Work to complete ▸ From the material below, please set down exactly the lines starting with the one with "Wooden Key Holder" and going on through the one with "The Effect of", without a single picture.

Given records ▸
━━━━━━
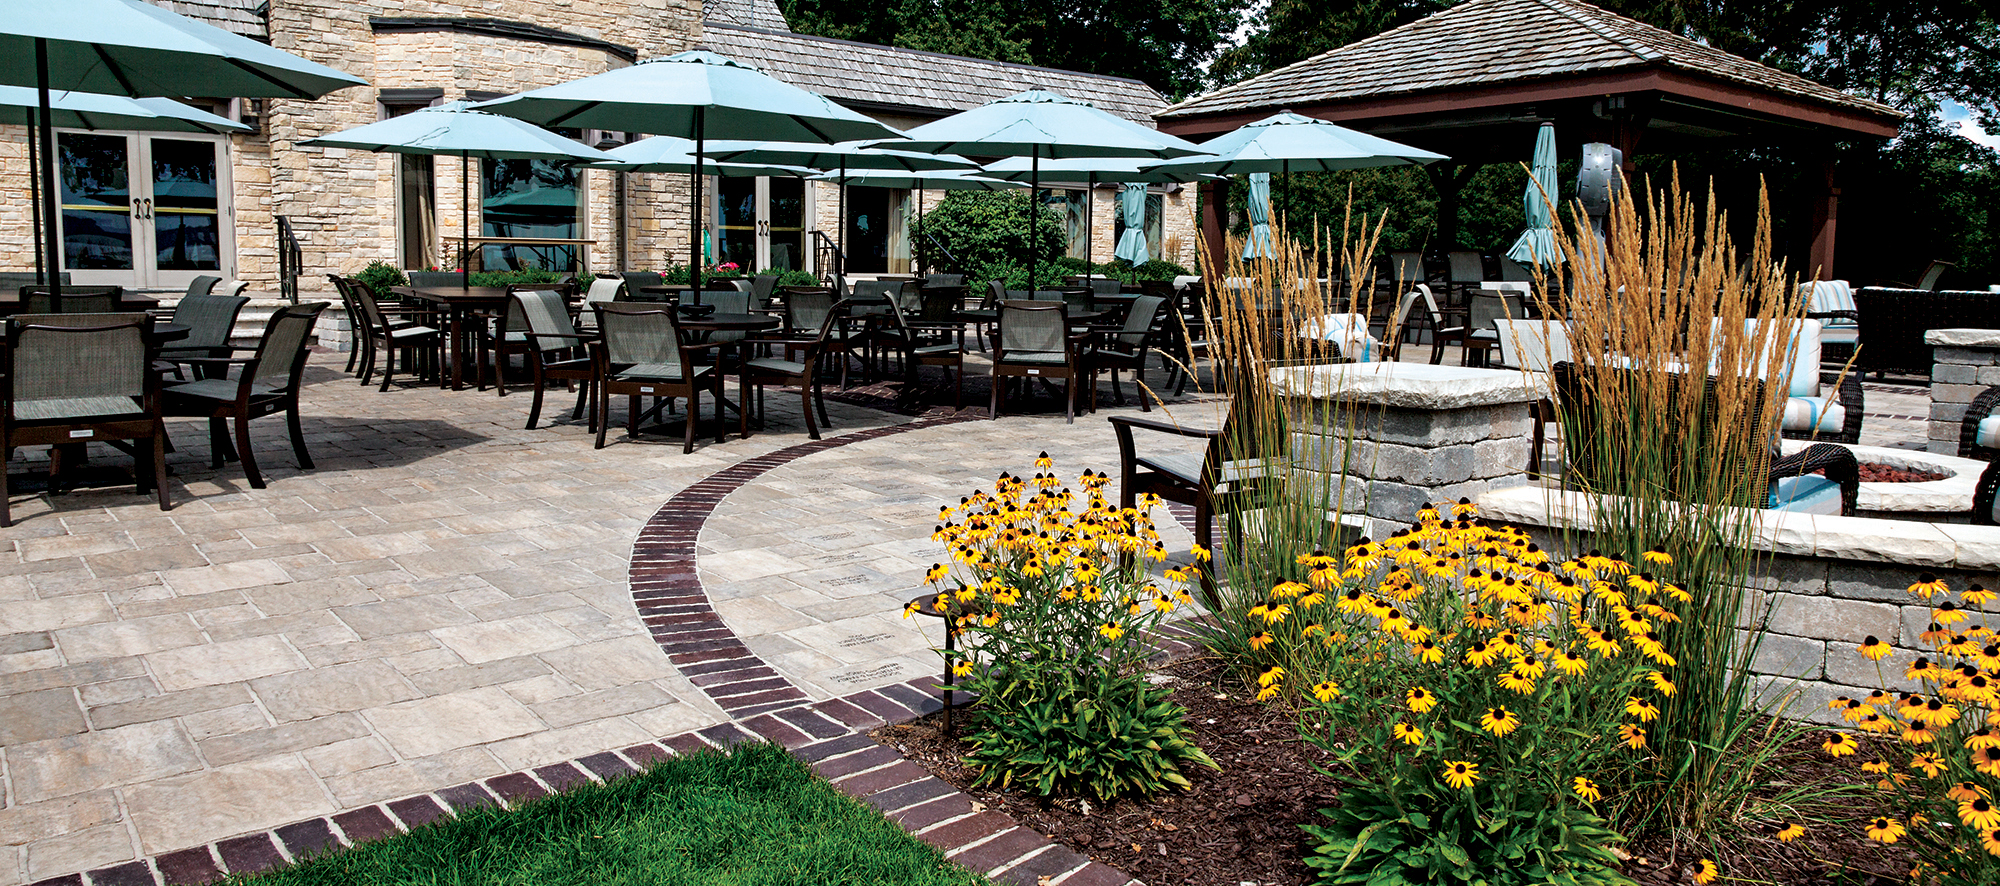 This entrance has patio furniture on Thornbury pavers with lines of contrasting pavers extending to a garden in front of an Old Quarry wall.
━━━━━━
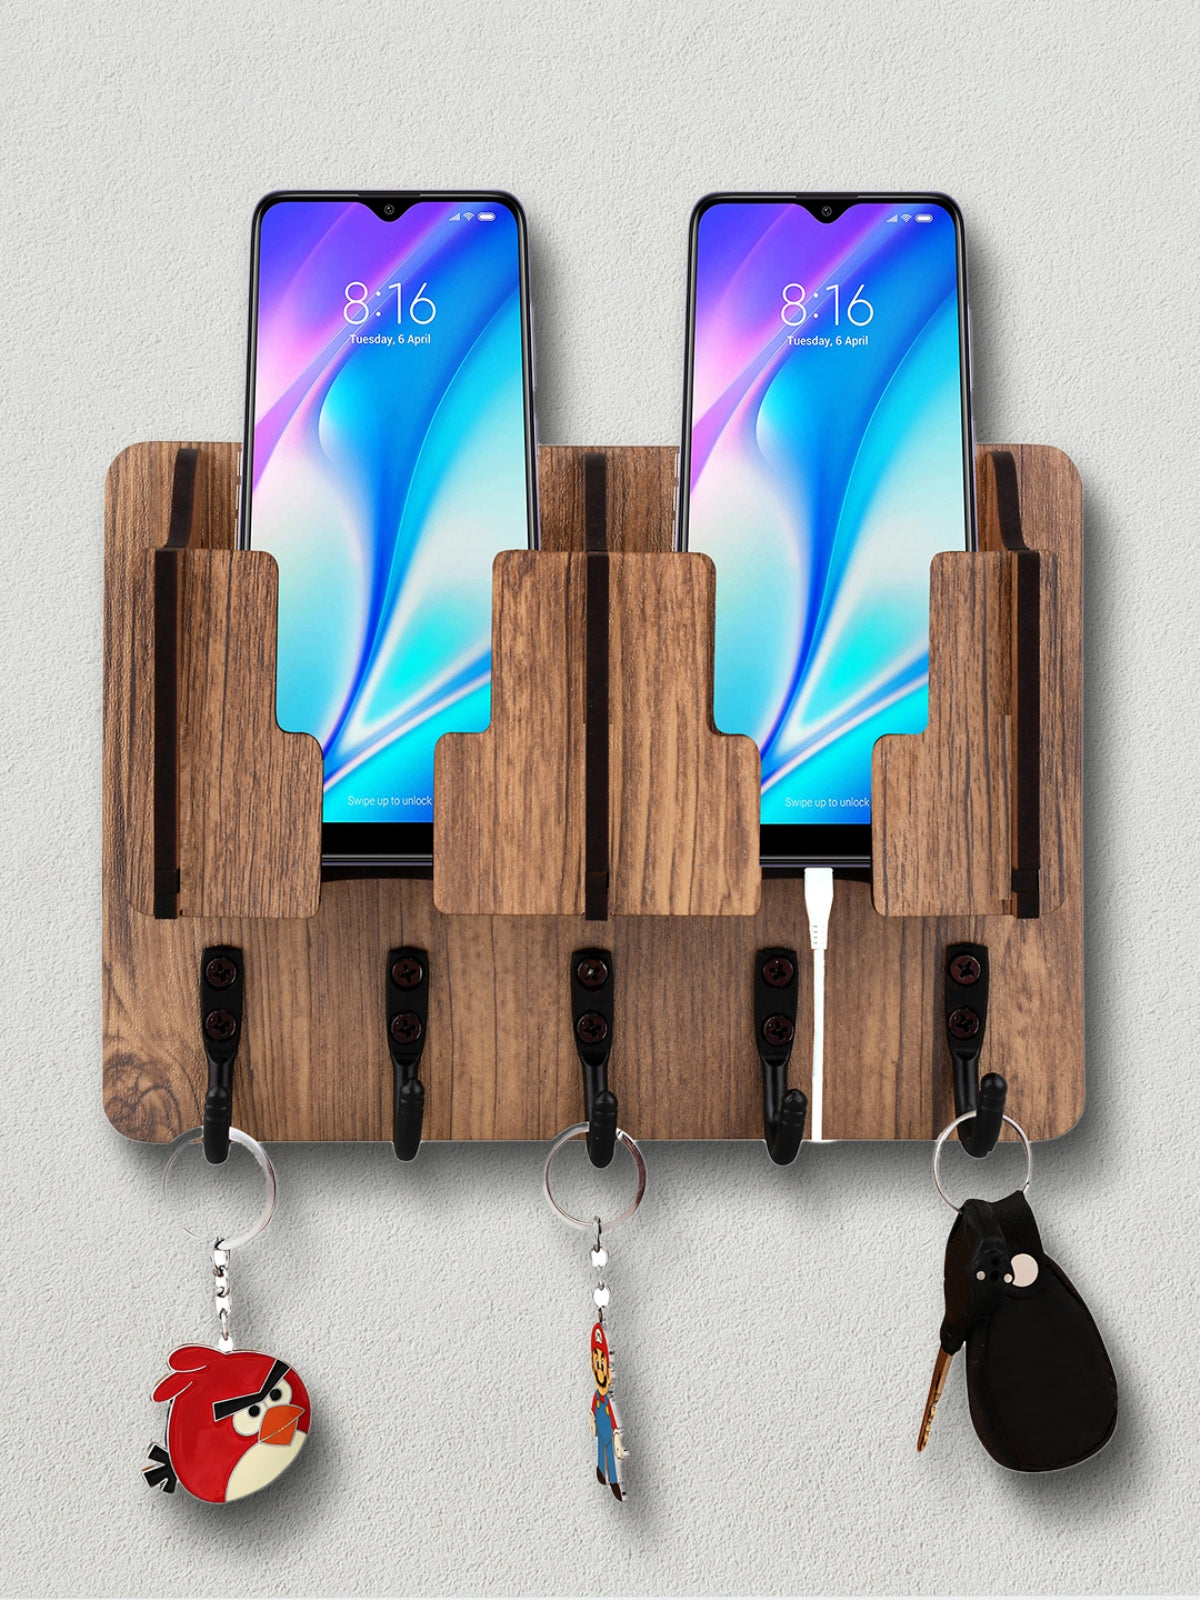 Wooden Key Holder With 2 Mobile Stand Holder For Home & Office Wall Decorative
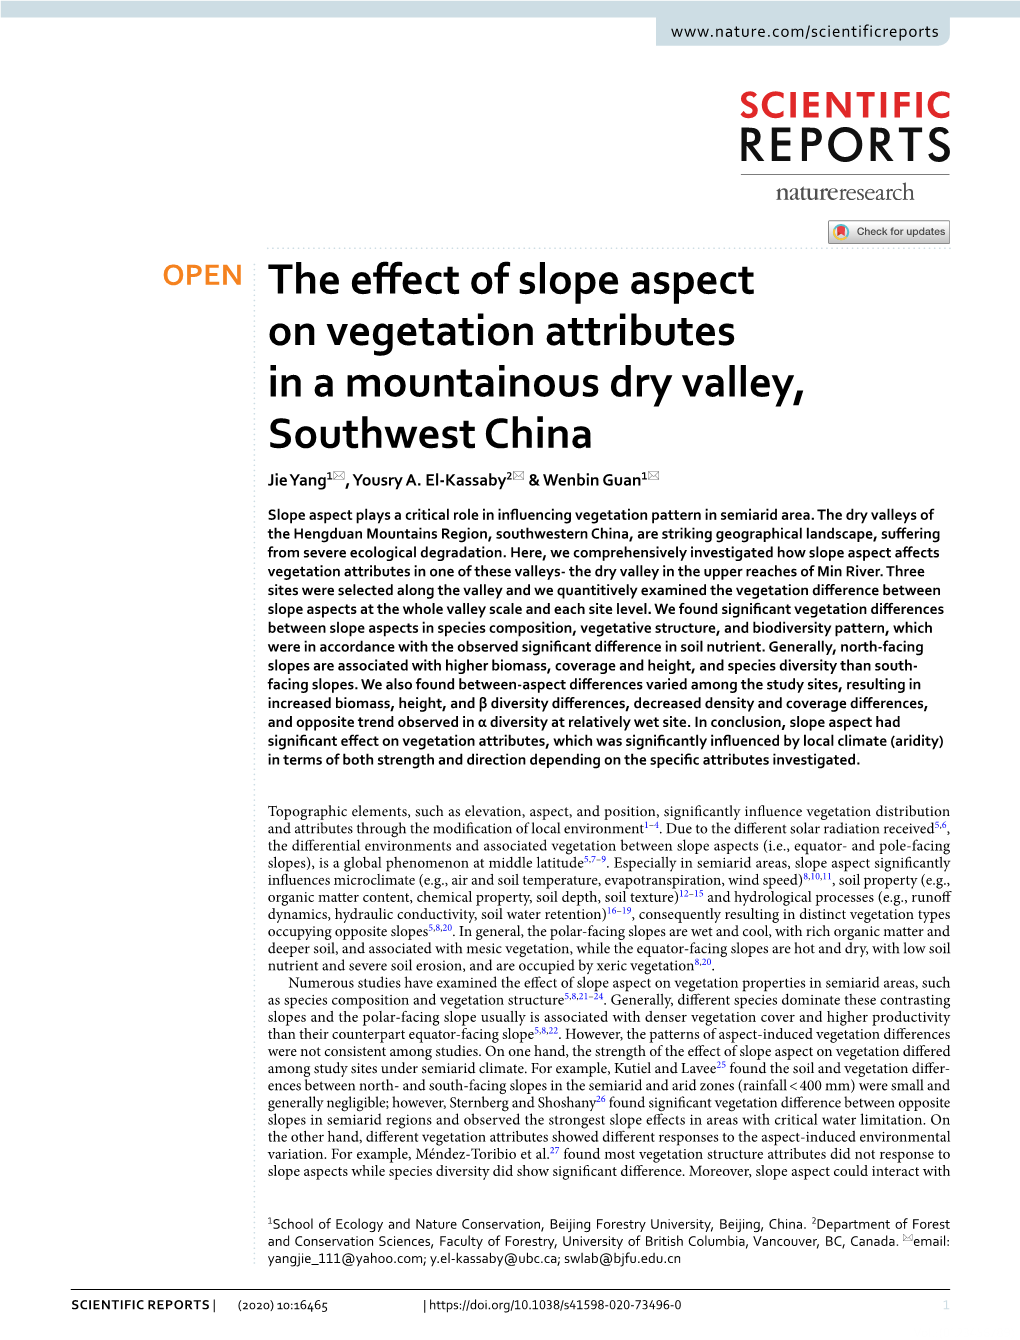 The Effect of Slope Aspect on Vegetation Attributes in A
━━━━━━
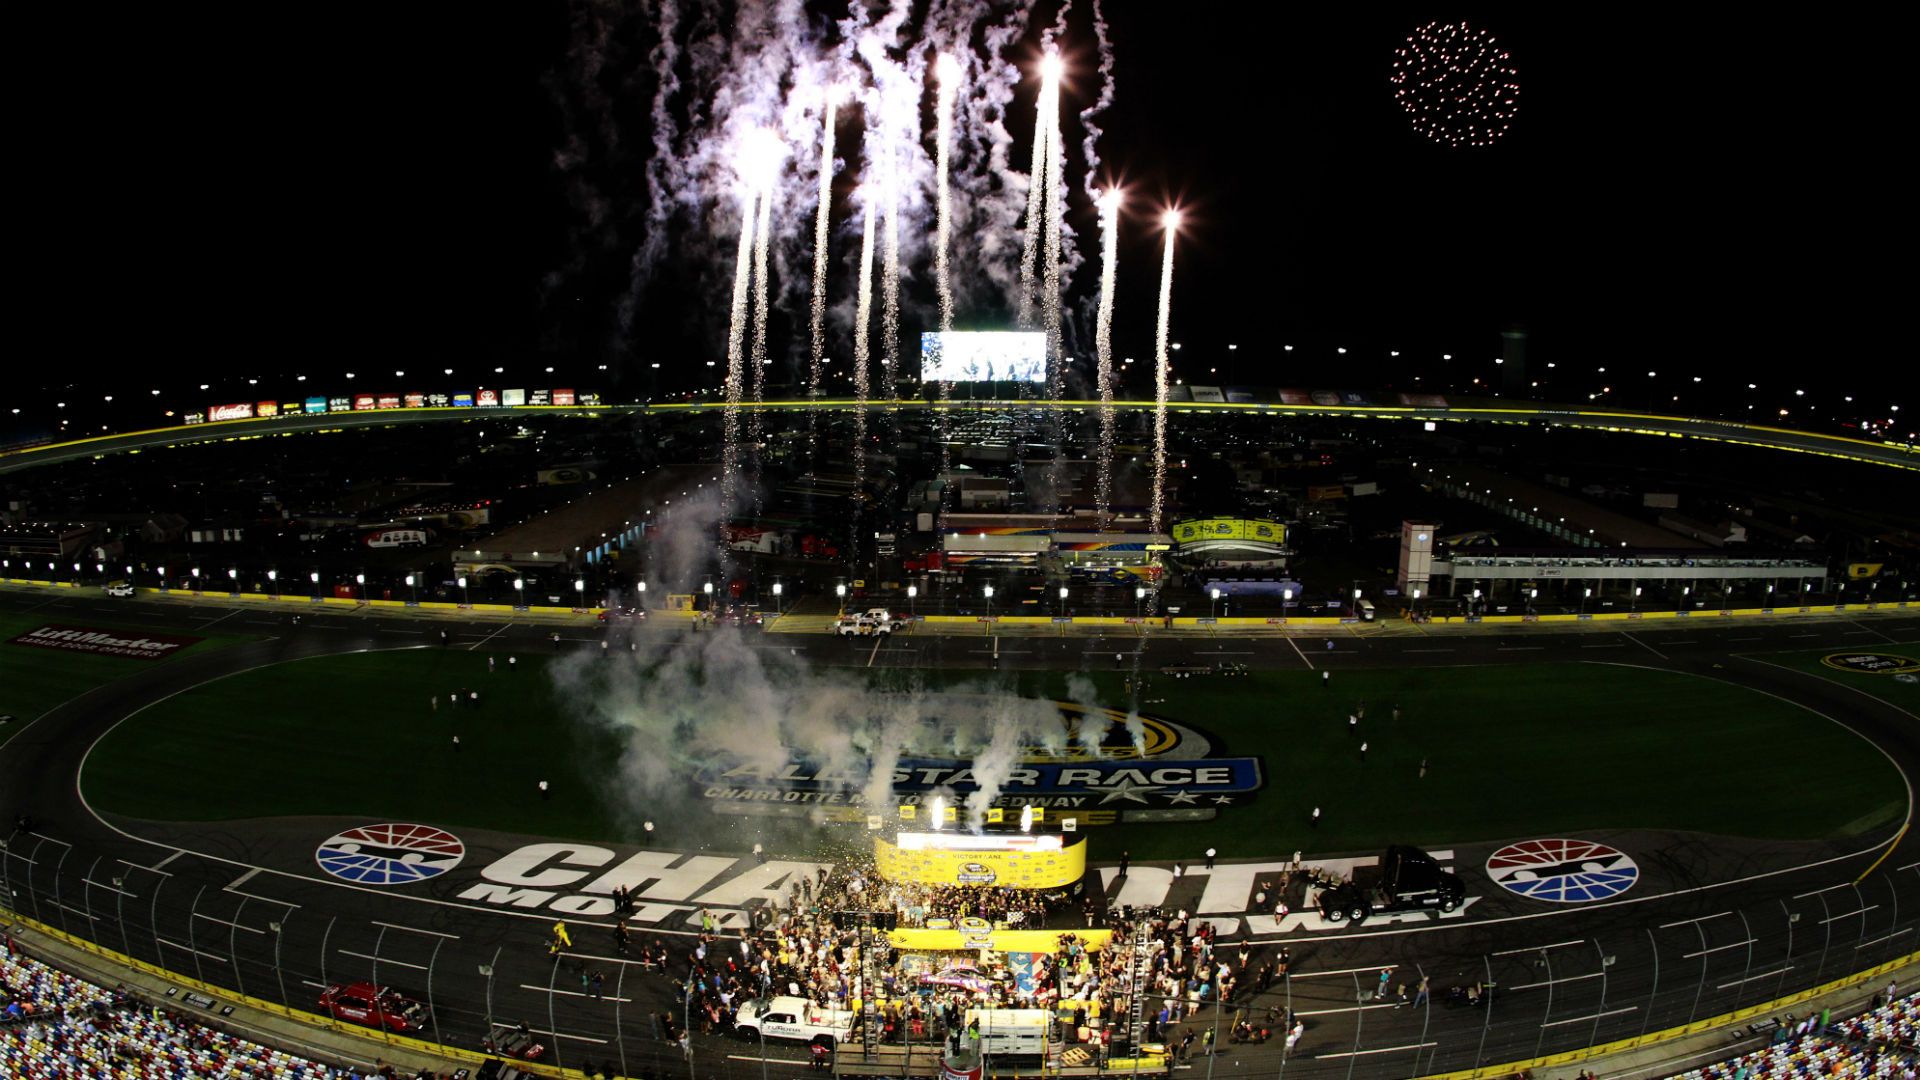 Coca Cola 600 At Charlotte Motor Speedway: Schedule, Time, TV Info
━━━━━━
Solution for this task ▸
 Wooden Key Holder With 2 Mobile Stand Holder For Home & Office Wall Decorative
 The Effect of Slope Aspect on Vegetation Attributes in A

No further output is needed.